= Dana Montlack =

American interdisciplinary artist

Dana Montlack is an American interdisciplinary artist whose installations and photographic works incorporate scientific data and microscopic imagery. Her work often results from collaborations with scientific and academic institutions, including the Scripps Institution of Oceanography.

== Education ==
Montlack received a Bachelor of Fine Arts in sculpture from the University of California, Santa Cruz and earned a Master of Fine Arts in mixed media from the Otis Parsons College of Art and Design.

== Career and practice ==
Montlack's practice utilizes macro and microscopic photography to document natural systems and environmental data. Her work often takes the form of layered digital compositions and site-specific installations.

Critics have noted her work for its "scientific precision" and "highly refined aesthetic." Reviewing her work for Lenscratch, Aline Smithson described her process as "transform[ing] the actual physical world... into sensual abstractions that never quite lose their original referent," noting her method of re-interpreting underwater life into "painterly photo collages."

=== Institutional collaborations ===
From 2011 to 2014, Montlack collaborated with the Scripps Institution of Oceanography. This culminated in the exhibition Sea of Cortez, on view at the Museum of Contemporary Art San Diego (MCASD) through January 2014. The exhibition featured works inspired by marine research and the writings of John Steinbeck, described by critics as a "new taxonomy of place" created through the layering of source imagery.

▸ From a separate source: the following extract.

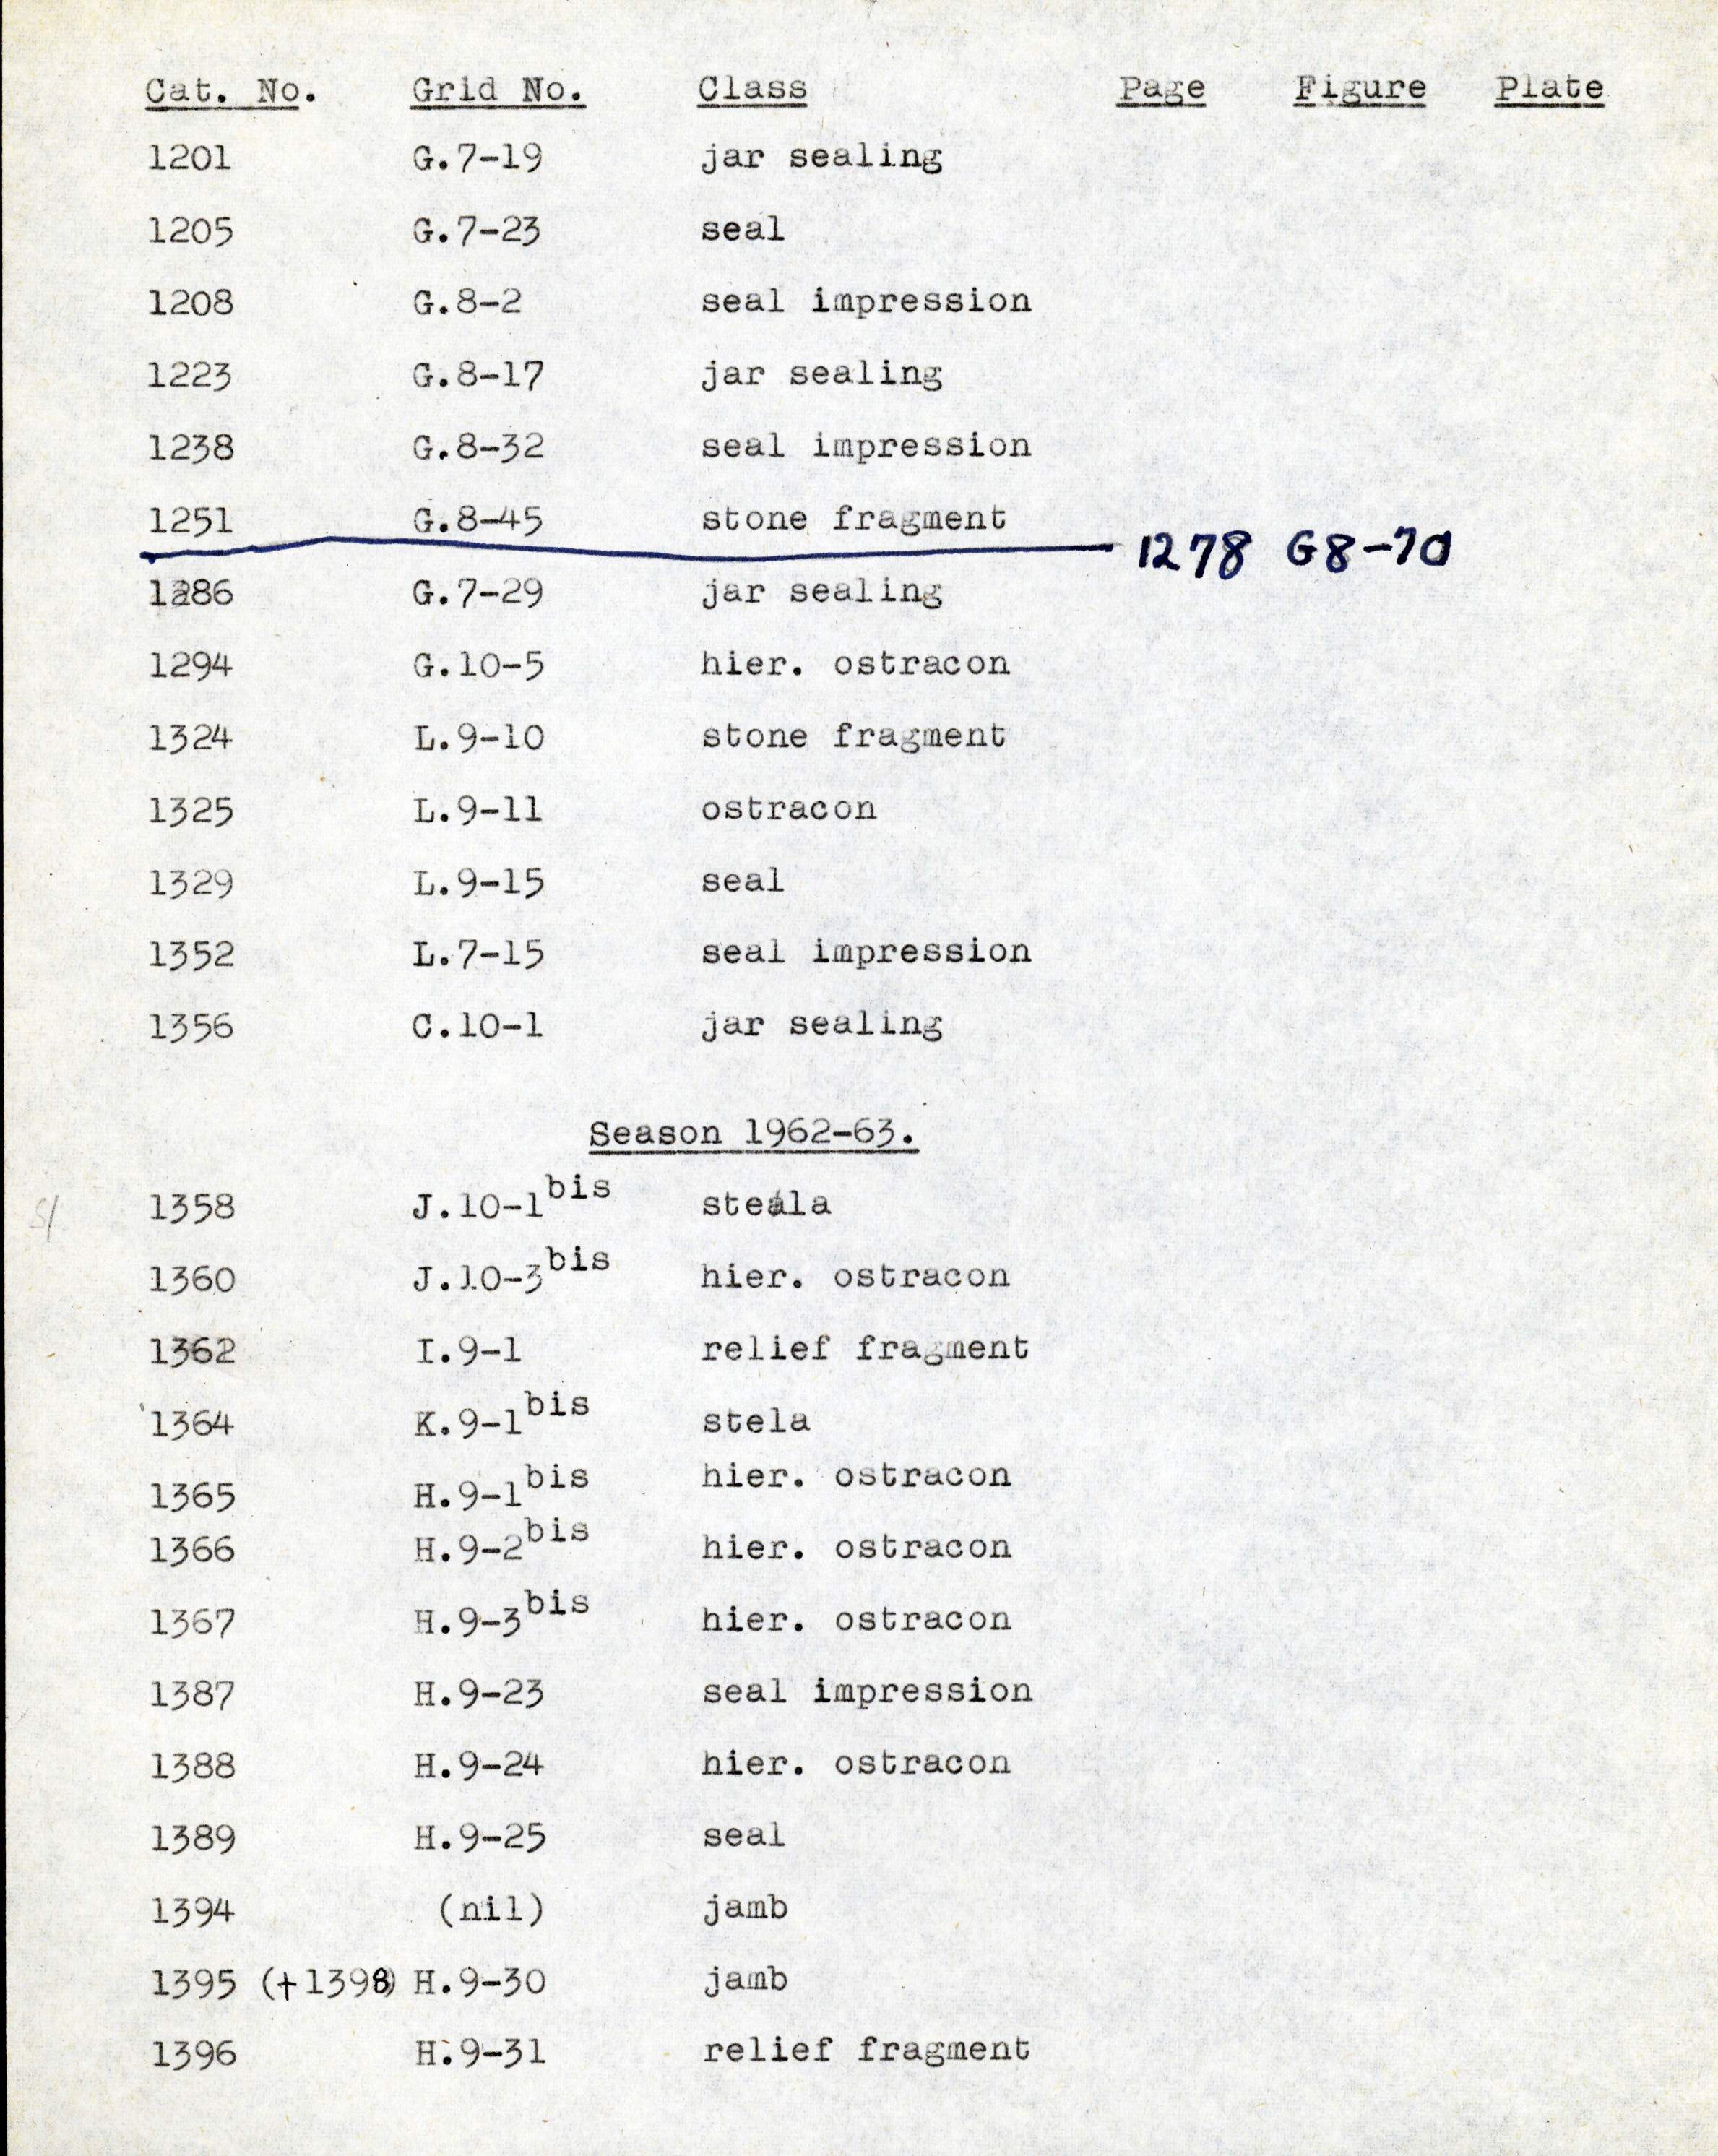 1959-74  Buhen DIST.68.44n

In 2017, she participated in Weather on Steroids: The Art of Climate Change Science, an exhibition organized by the La Jolla Historical Society and the San Diego Central Library. Her installation for the project, Seeing Through Water, Seeing Through Weather, visualized the effects of CO2 buildup on marine biodiversity and was developed in collaboration with Scripps scientists including Alexander Gershunov.

In 2022, Montlack was selected for the Artists, Writers, and Scholars program by the University of Georgia's Marine Extension and Georgia Sea Grant. This grant supported a collaboration with Georgia Institute of Technology biologist Joel Kostka to visualize climate impacts on coastal ecosystems.

In 2024, Montlack participated in the International Ocean Discovery Program (IODP) "School of Rock" workshop aboard the JOIDES Resolution. In 2025, she exhibited in Preternatural at Spruill Gallery in Atlanta alongside artist Pam Longobardi.

=== Public art and installations ===
In 2018, Montlack contributed to the collaborative installation Ocean Tunnel, which debuted at Burning Man and was subsequently exhibited at the Scripps Institution of Oceanography in 2019.

In 2024, the Town of Hilton Head Island commissioned Montlack for the Shelter Cove Sculpture Trail. She installed three site-specific sculptures, Marsh, Forest, and Ocean, composed of kiln-fired glass panels. The works incorporate light-reactive layered imagery of local flora and fauna.

== Collections ==
Montlack’s work is held in permanent public and institutional collections, including:
- Museum of Contemporary Art San Diego
- San Diego Public Library: Acquired by the City of San Diego Commission for Arts and Culture for the North University Branch Library in 2013.